Keirthlin, who could see him tilting back his head, gave a noise smaller than a sigh, as if anticipating what Menelaus was about to see. That small noise came just as his eyes adjusted, or perhaps his brain, and he realized what he was seeing. Perhaps he consciously noted now how disturbed the thundercloud was, or how large it was, or how far away. Perhaps he glimpsed, where the black clouds parted, the vast and round metallic surface of the lower part of the structure.

It was not blue, not really, any more than mountains seen on the horizon are blue. Mountains seem blue at a distance because of the hue of the mass of the intervening air. When they are closer than the horizon, of course, there is less air, and therefore the color is not as dark.

What he was seeing was a solid object. It was a cylinder, too large and far away for any surface details to be distinguished, reaching from the cloud level, perhaps five hundred feet off the ground, up and up through the atmosphere and stratosphere and perhaps beyond. The clouds parted as it advanced, and the air masses being displaced were condensing into a large hurricane and thunderstorm at the bottom of its foot.

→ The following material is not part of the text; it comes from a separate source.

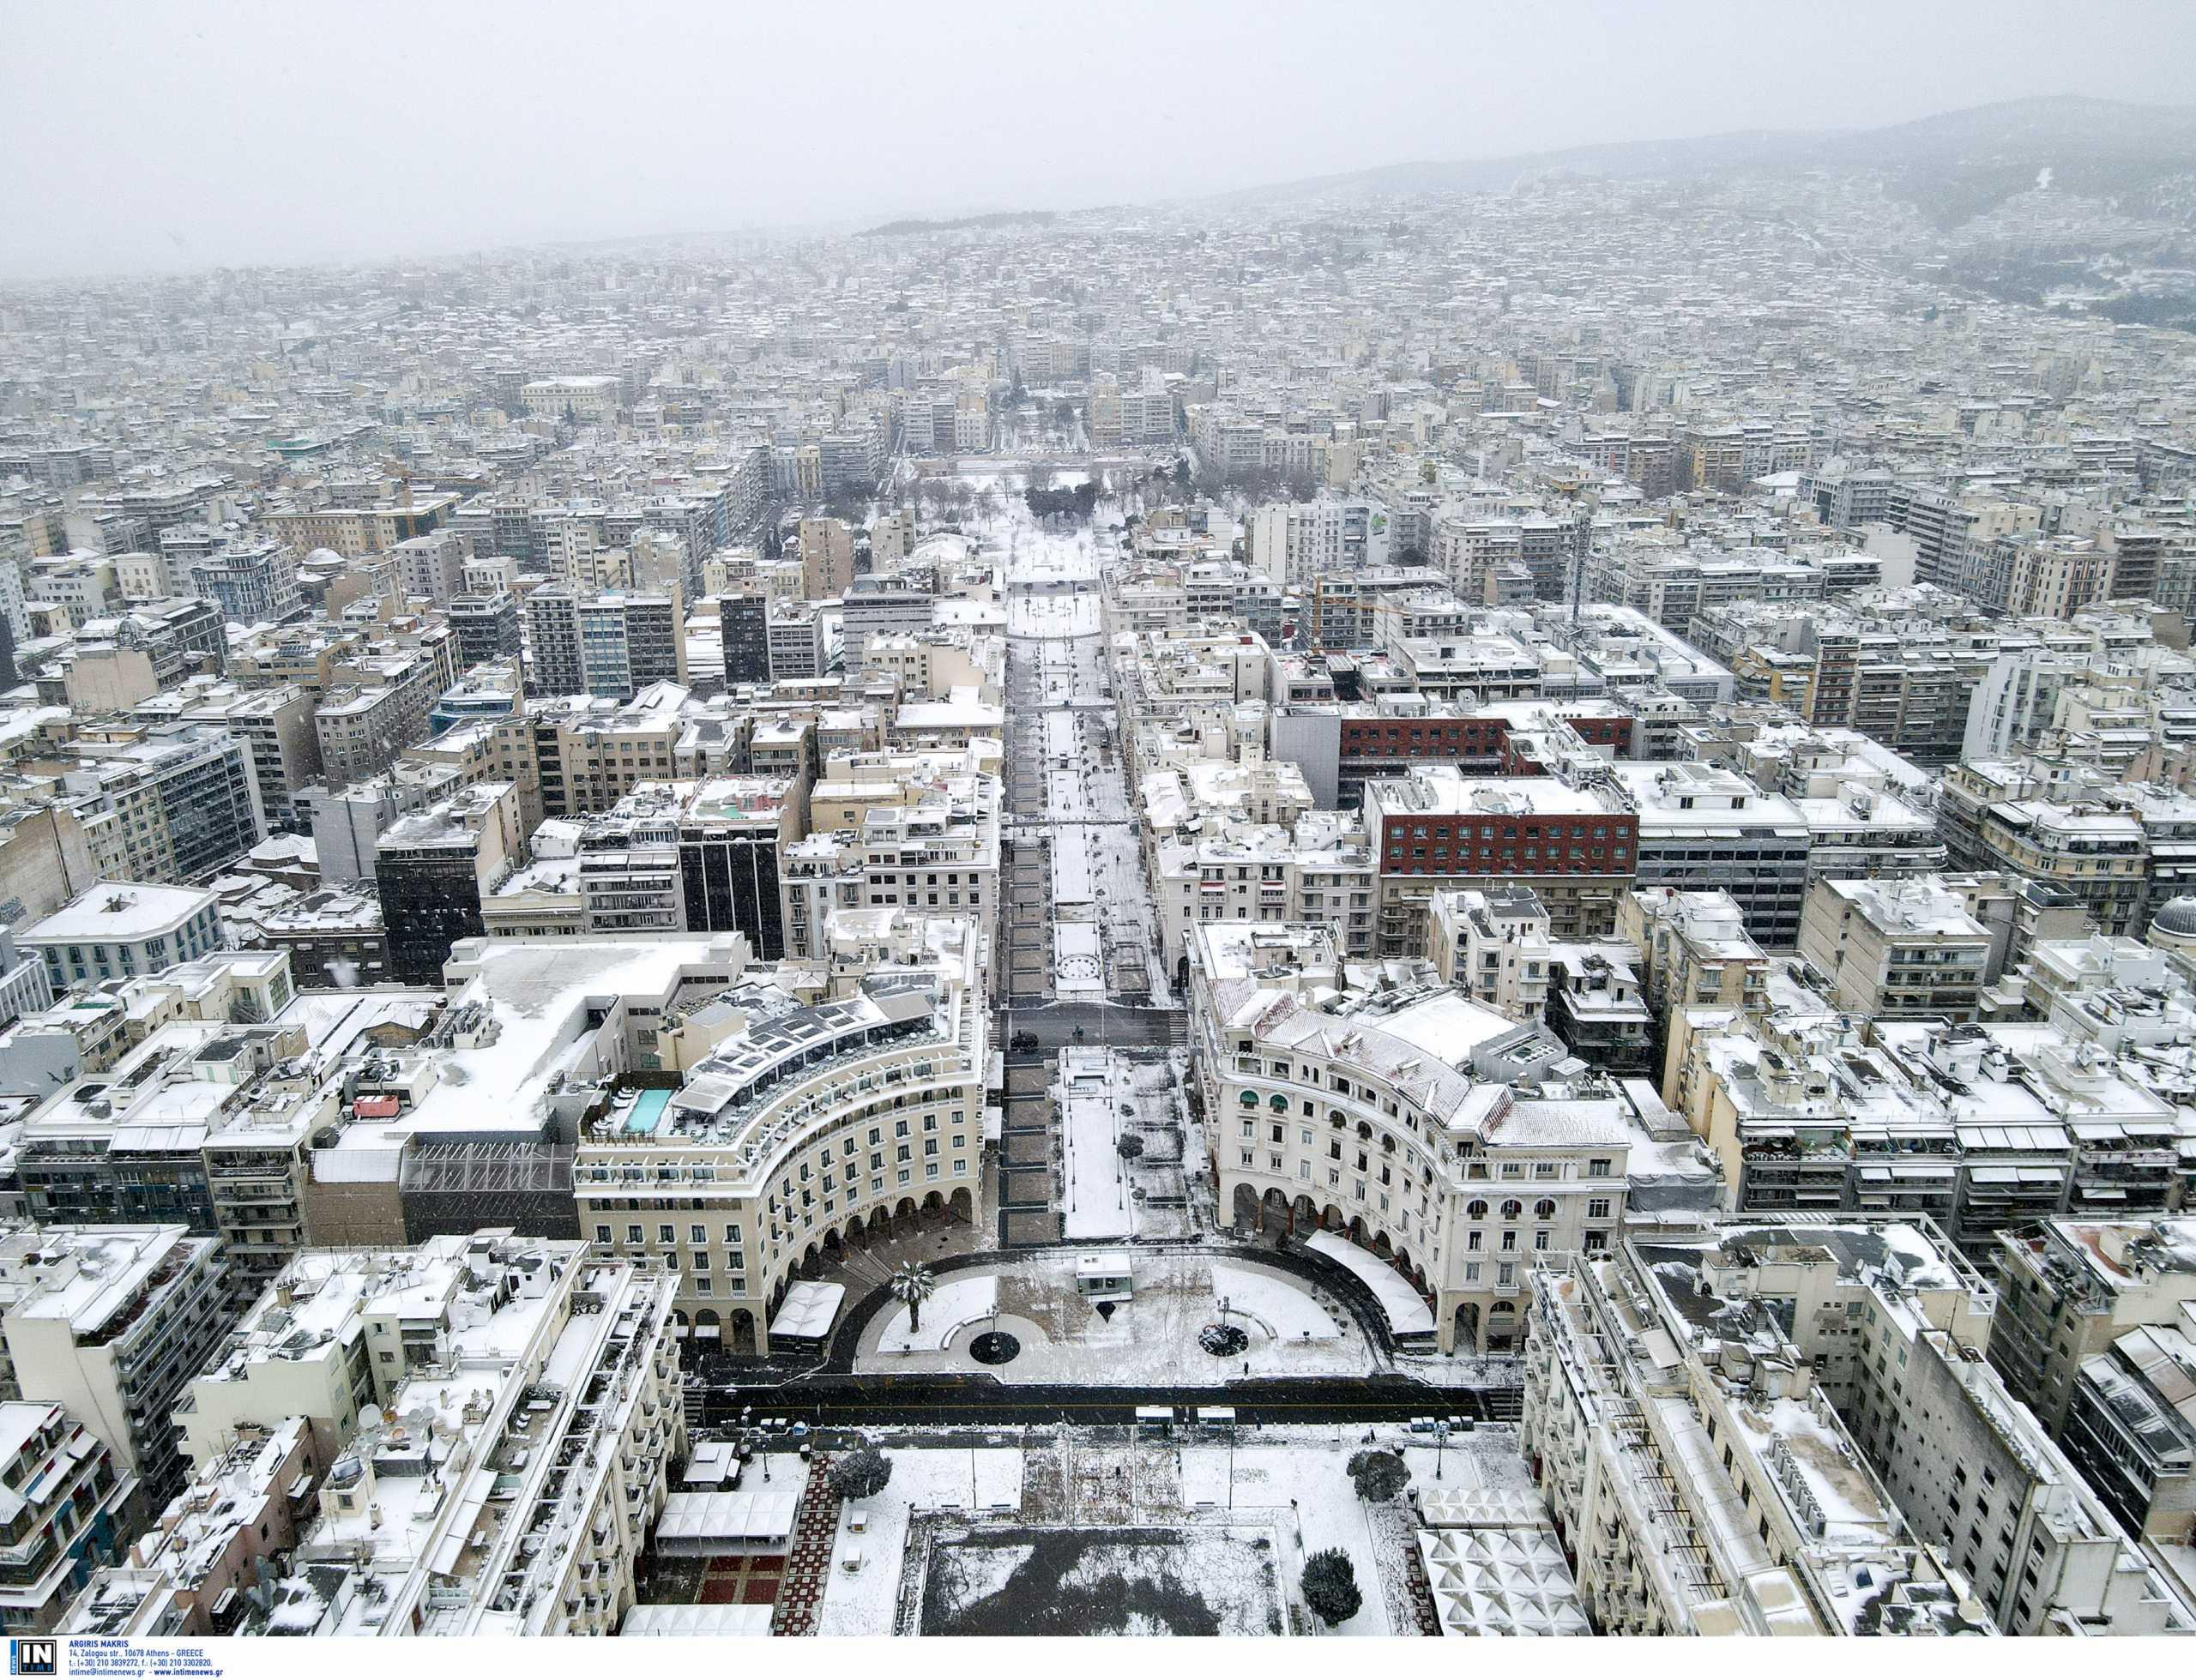 Καιρός – Κακοκαιρία Μήδεια: Εκπληκτικές εικόνες στη χιονισμένη Θεσσαλονίκη – Κλειστά σχολεία τη Δευτέρα (pics)

The bottom was a circular plain of metal dotted with irregularities, surrounding the vast emptiness of a portal or mouth opening into the immeasurable cylindrical interior of the structure. Threadlike arms or instruments hung down, looking like the trailing tails of jellyfish.

Minutes passed, and more could be seen. The armored body of the cylinder itself was punctuated here and there with cross-shaped altitude jets, or black dots of weapon ports or antennae or instruments of some sort, about one every five or ten square miles. To be visible at this distance, the rocket cones must have been larger than skyscrapers.

Some segments of the vast curving surface were flat and dark like the oceans of the moon; others were stubbled with a pattern of irregularities, almost invisible at this distance, which may have been buildings, encampments, fortresses, or aerodromes larger than any major metropolis, their towers horizontal rather than vertical. There were some craters large enough to be visible on the sections higher in the atmosphere, or perhaps these were scars from strikes by old nuclear missiles.

With the effortless power and grace of a god, serene as a ship in full sail, the unimaginably titanic artifact moved across the face of the Earth, and the disturbed clouds formed eddies and swirls, larger than provinces, behind it as it came.

A little nimbus of glittering glints fluttered before the mouth of the cylinder, and tiny specks as if something was traveling up through the air into it.

The wind-craft that had recorded the image swooped closer to the city. Menelaus could see something being lifted up from the ground and into the opening of the cylinder.